*** Opening of Recorded information ***

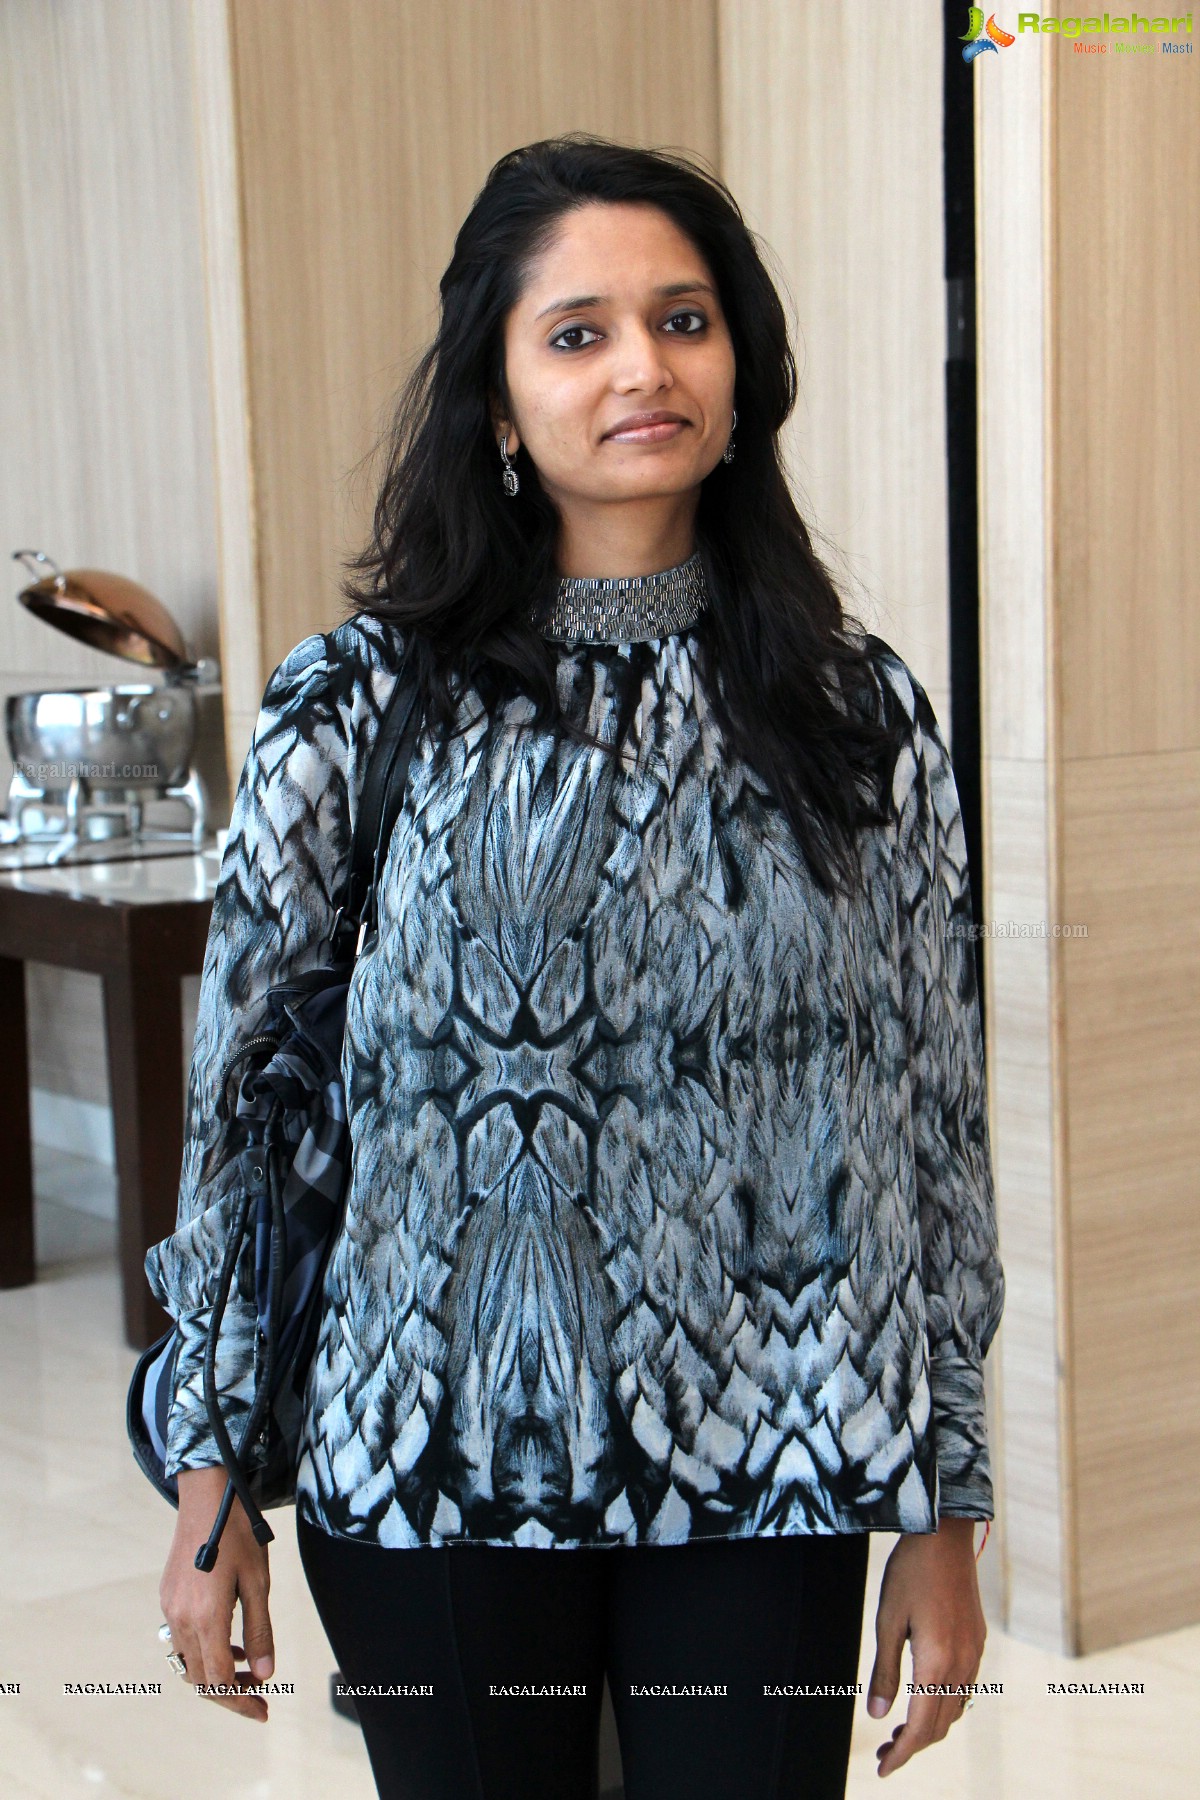 YFLO Interaction with Nidhi Swarup at Hotel Trident, Madhapur, Hyderabad
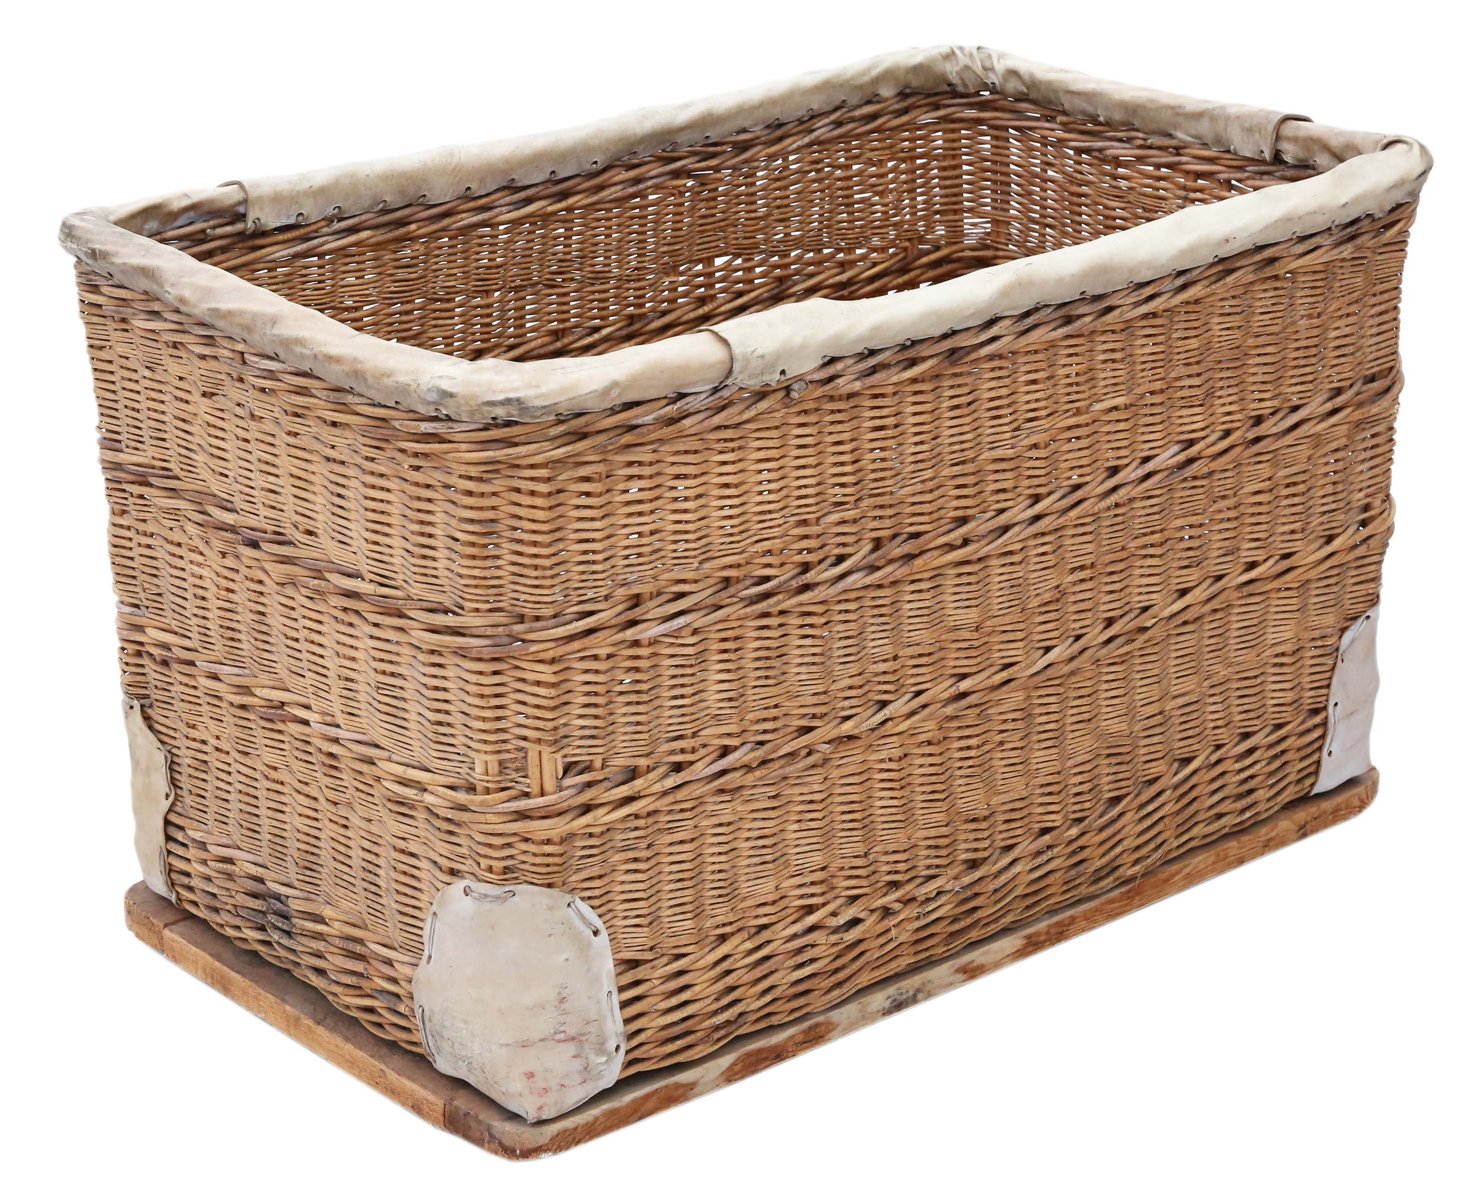 MEDIUM rectangle brown Cane basket with handle 36cm x 24CM, 10 CM DEEP 
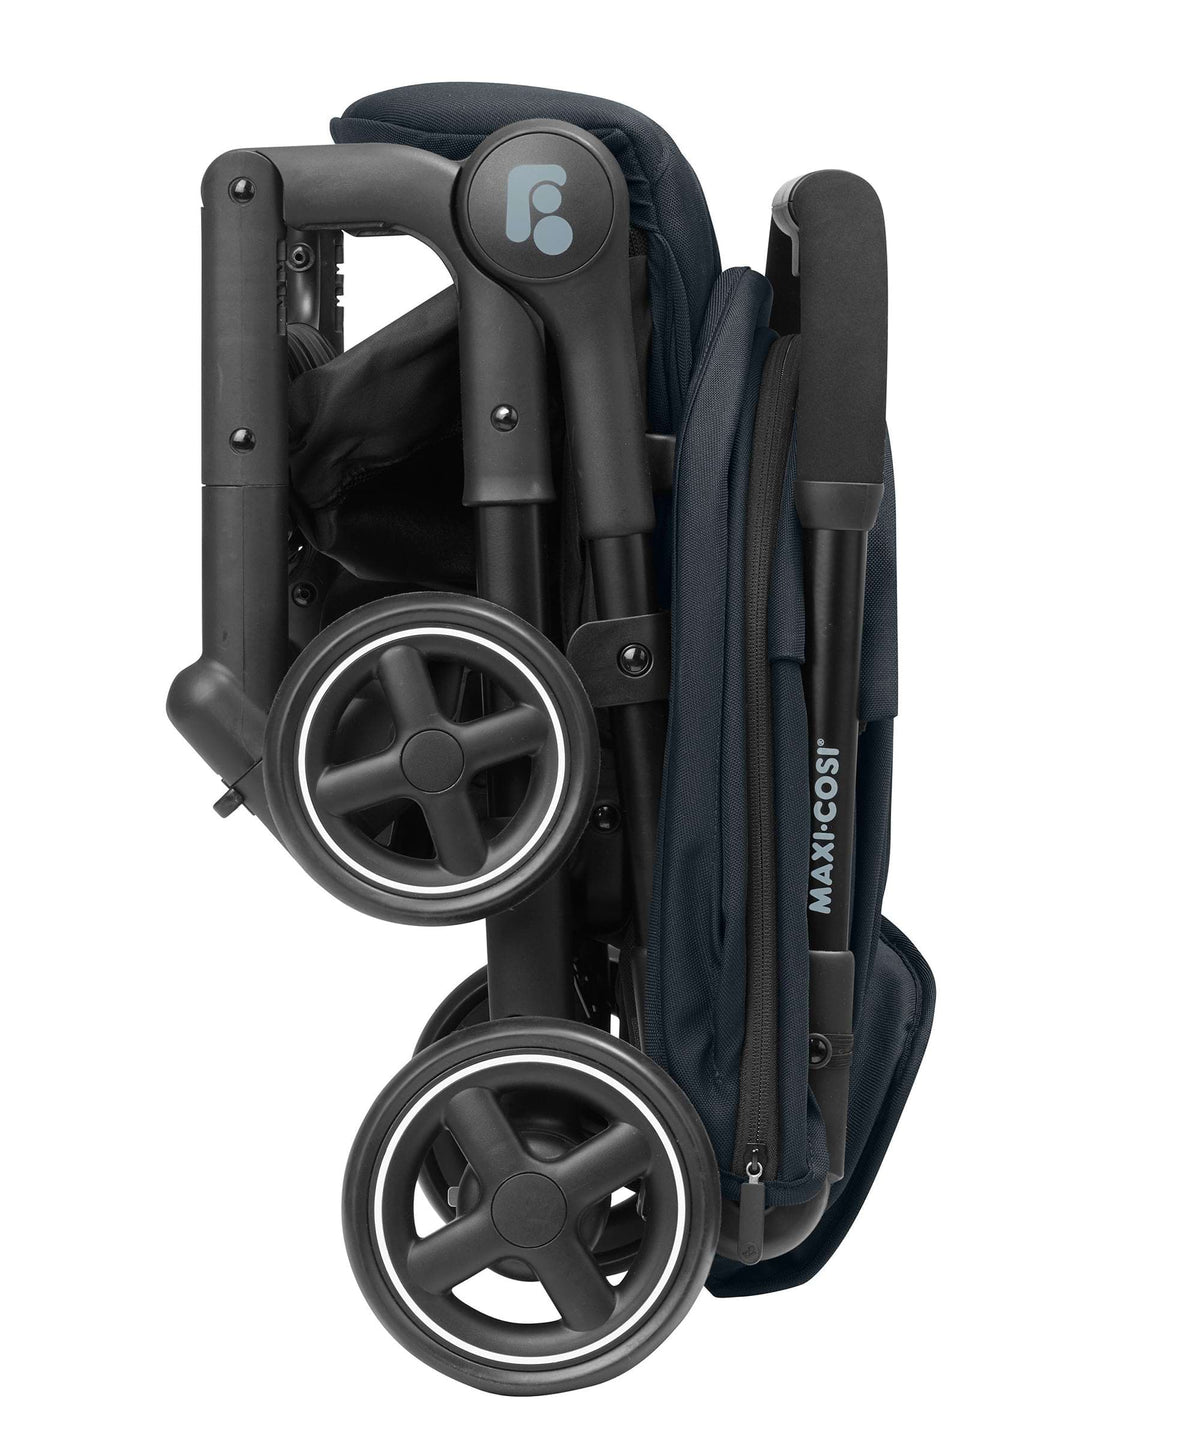 Explore the World with the Maxi-Cosi Lara² Compact Stroller

*** Close of Recorded information ***

## Problem description
Print the stretch of the data from the line with "MEDIUM rectangle brown" through its last line, exactly and with both ends kept. Omit pictures.

## Finished task
 MEDIUM rectangle brown Cane basket with handle 36cm x 24CM, 10 CM DEEP 
 Explore the World with the Maxi-Cosi Lara² Compact Stroller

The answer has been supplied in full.